John Allsopp

Professionally engineered Internet solutions for humans

Case study: selomarhotel.co.uk

Selomar Hotel, Scarborough is run by a lovely couple, Ken and Irene who were recommended to me and phoned me in November last year wanting some help with online marketing. The website you see is the design I inherited. selomarhotel.co.uk home page

We approached the task in three passes. Basically, three lumps of money and three amounts of time spent doing what I do to help build traffic to websites and to improve the conversion rate from that traffic.

We didn't do everything I suggested, by any means. To some extent with a hotel once you've filled it that's all you need to do, so it was a bit like using a racing car to go shopping. So we never got to first place in Google for Scarborough Hotel or anything like that, the hotel filled up well before then.
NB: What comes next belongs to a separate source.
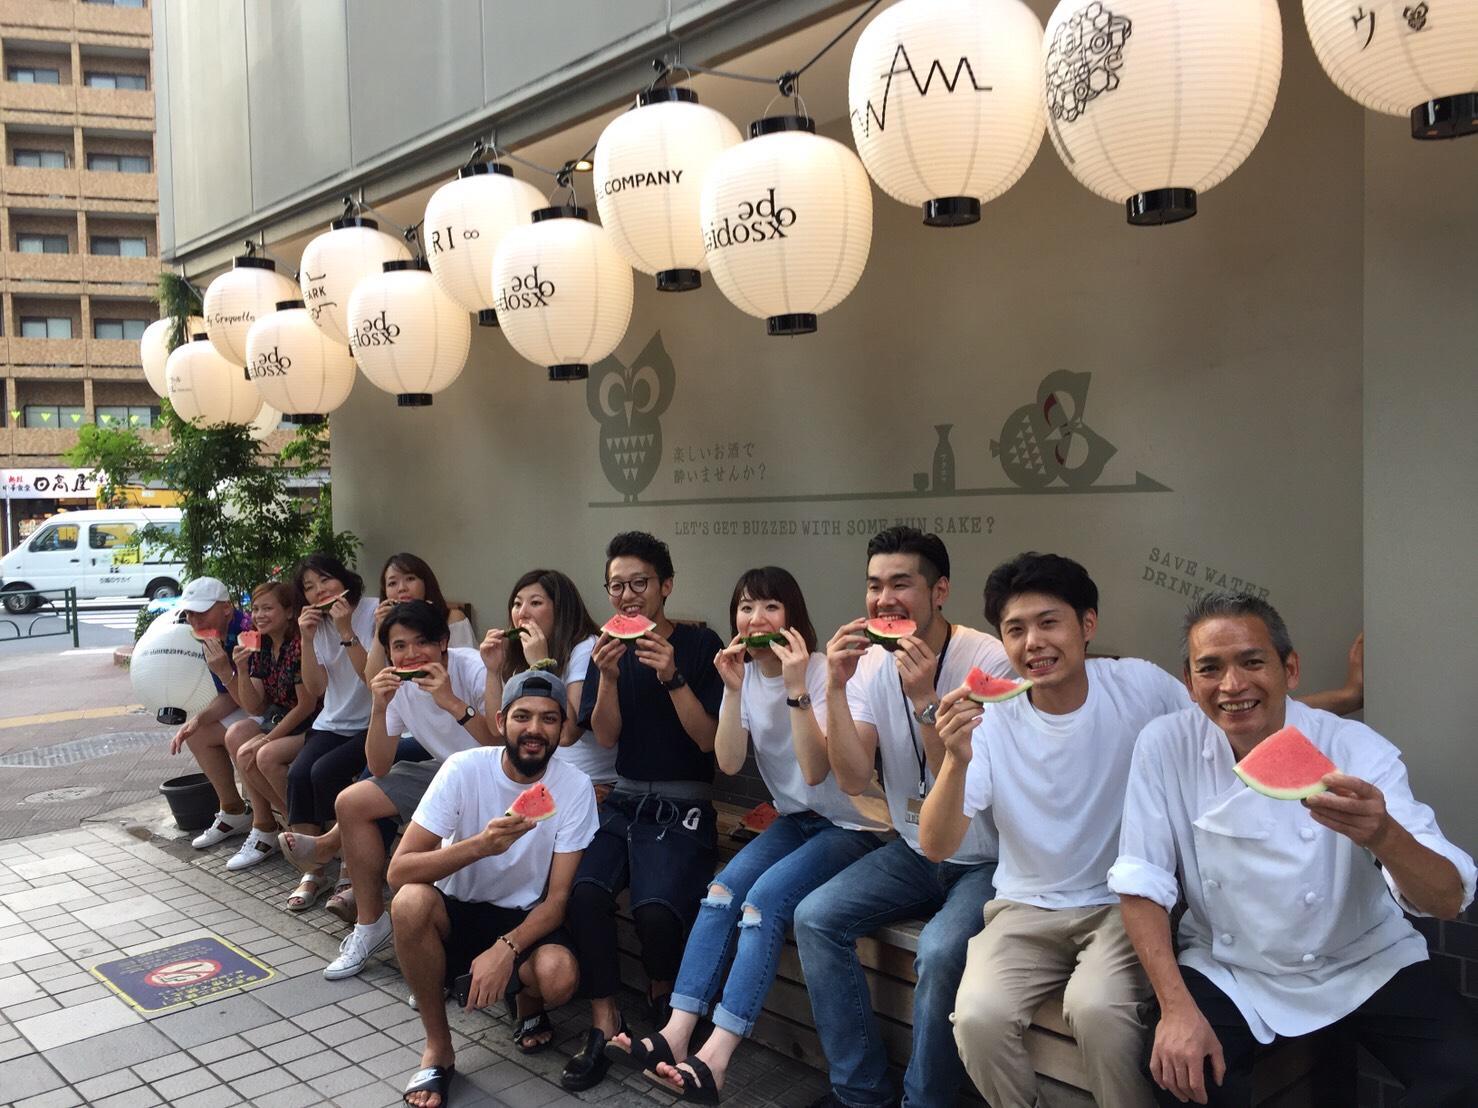 |東京|ホステル|「眠らせている場合ではない、あなたの才能、特技。」賢いホステルにてフリアコ募集!

I think I'm a little limited in what I can say about what we actually did do. There are, I think, about 300 hotels, guest houses and B&Bs in Scarborough and presumably everyone wants the top position in Google, so it doesn't seem right for me to detail what I did to help the Selomar Hotel. All I might say is we did what I always do, which is to look at what people are searching for online, then build pages to match, make sure the site is search engine friendly, and then work on making the site attractive and persuasive for people. I improved many of the photographs, for instance. Many of the general Scarborough photographs are my pics anyway. That 'we are here' picture on the first page of the site works nicely I think.
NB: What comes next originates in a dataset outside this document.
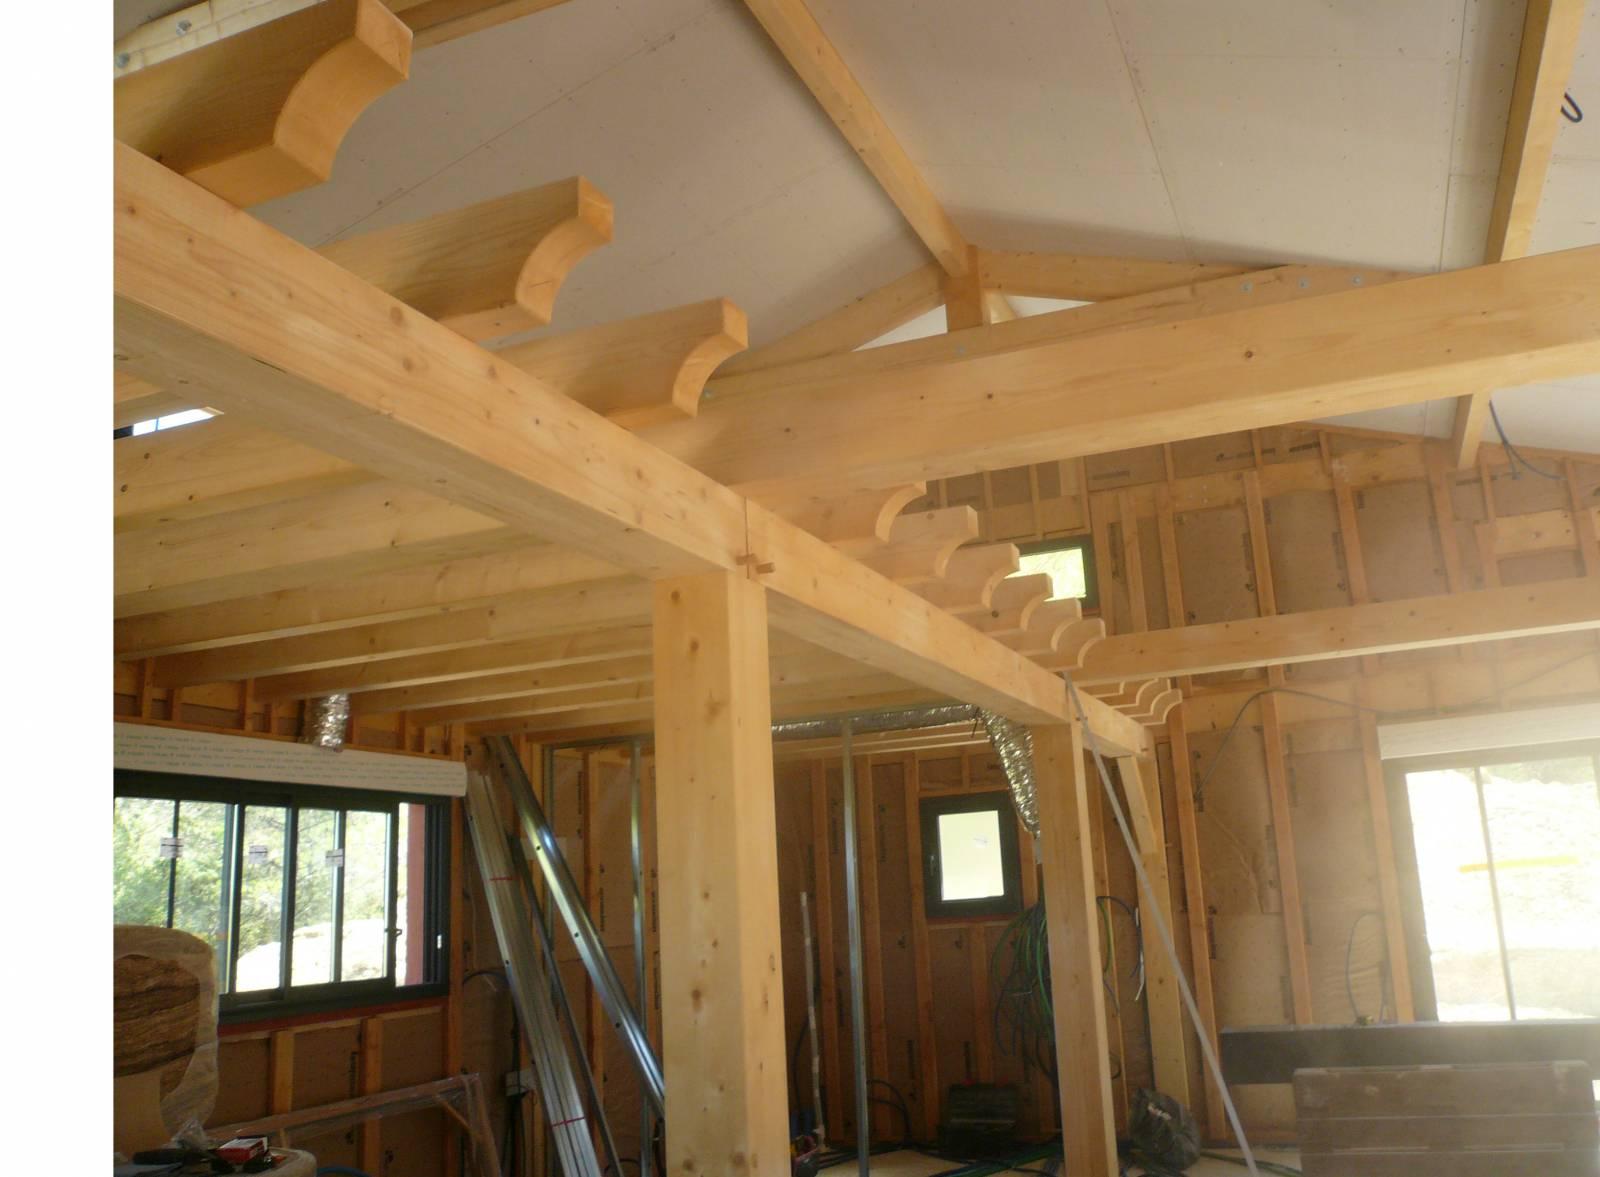 Cout construction maison gard for Construction maison contemporaine gard

Another tack to take is to try to differentiate the business. Just writing about the business does that, and my PR background helps me spot things to write about and ask the right questions. As an obvious example, Selomar Hotel is licensed and has a bar, so I wrote about about that and now if you search for "scarborough hotel bar" we are (as I write) on the first page. I sought out interests and differences. One of Ken's interests is golf, so I wrote about that. Et Voila, a first place position on the subject. Every hotel is different, and writing about those differences helps to match holidaymakers with what they want and, in the end, everyone's happy.

Anyway, I don't know if this is fair because it's a seasonal business, but from comparing November to May, Google traffic is up 1,255%. 20% of our traffic is from a source I won't divulge but it's obviously a great source and we found it using the principles I've outlined.
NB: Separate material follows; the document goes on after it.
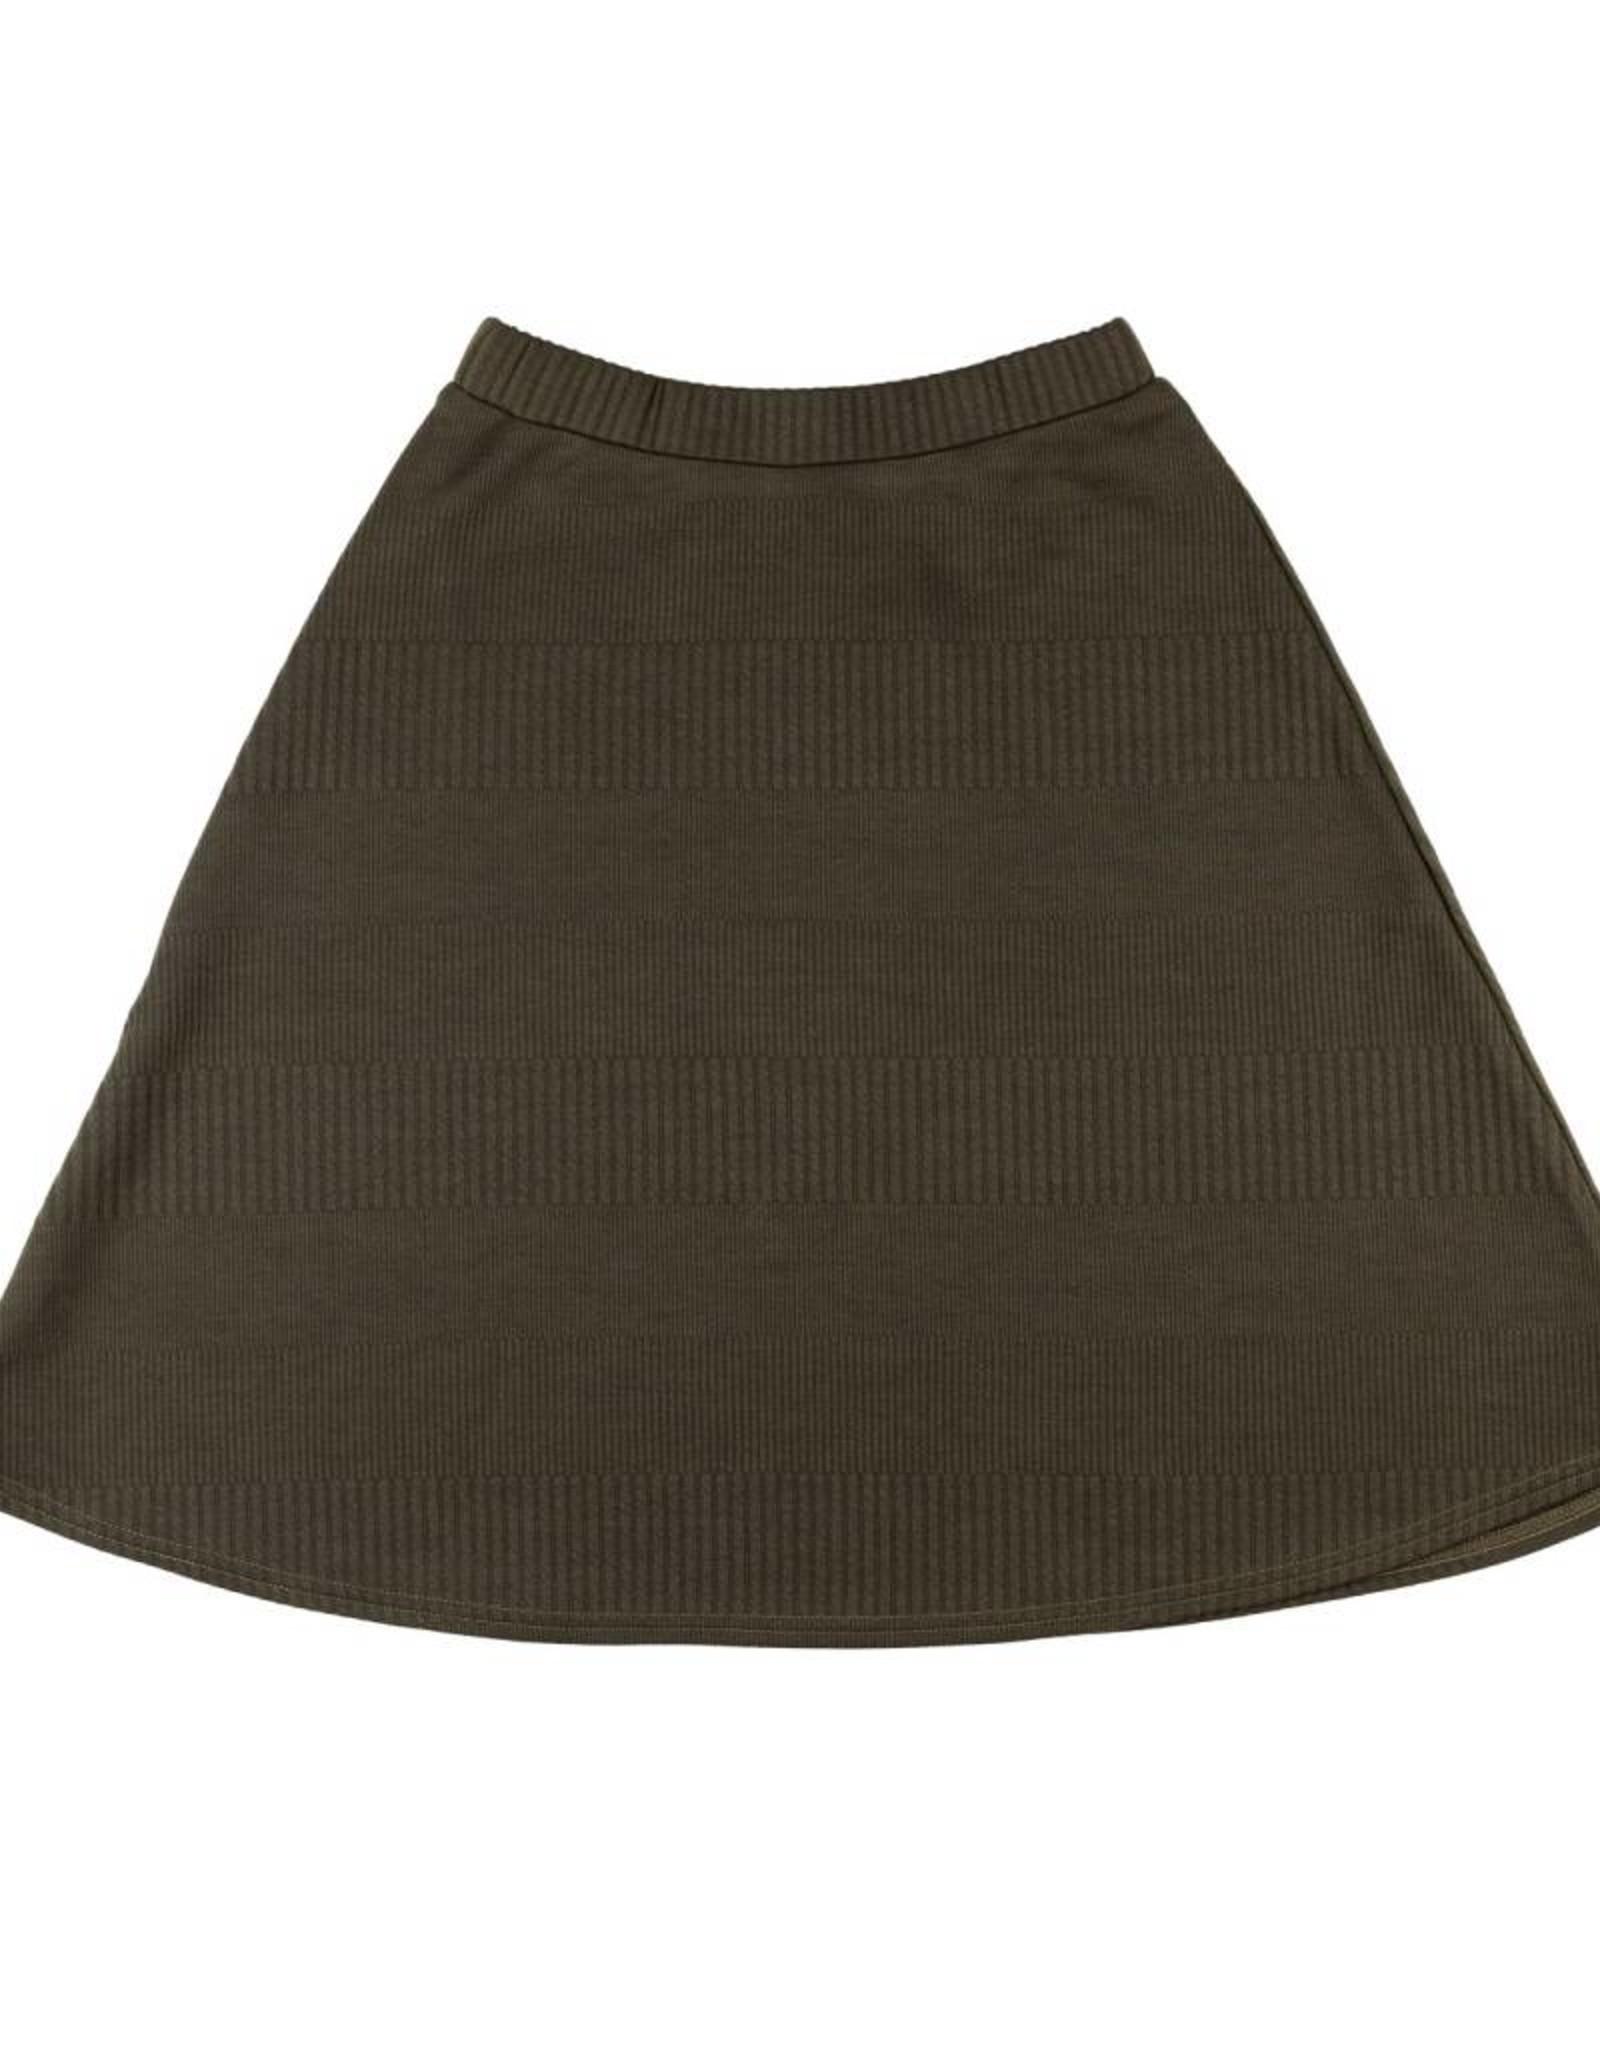 T.T.N. T.T.N. Knit Aline Skirt

Comparing this month's traffic to last, Google traffic is up 20%. And to two months ago, up 120%. These figures always confuse me, so here's what I mean. If traffic two months ago was 250 visitors to the website from Google, it's now 542. That's more than doubled in two months.

Here's another one for you. Google defines the 'bounce rate' of a website as the percentage of visitors who arrive and basically, turn tail and leave straight away. They might be put off by what they see, or they might arrive because somehow your site is coming up under some search term that's misleadingly bringing people to you looking for something you don't provide. Writing clearly about what you offer solves that sort of thing. But of course your site needs to be attractive and to lead people in and create a great impression. Anyway, in December the bounce rate was 39%, two months ago it was 34%. One third of people arrived and, within a few seconds, left again. Now it's 4.6%, possibly one of the lowest bounce rates I've seen.

I should give credit to Ken for pushing for better text, and for providing a great basis for the new text.

Selomar invested £800 in my time.

The real thing came through today. Quite spontaneously, Irene wrote this: Hi John just thought I would keep you up to date with our progress, we would like to thank you for what you have done for us we just can't keep up with the people wanting to come to us. It is our best year yet and have you noticed we are the top on ***travel site name*** and with that and the good web site, people are desperate to get in.

It kinda makes it all worthwhile doesn't it?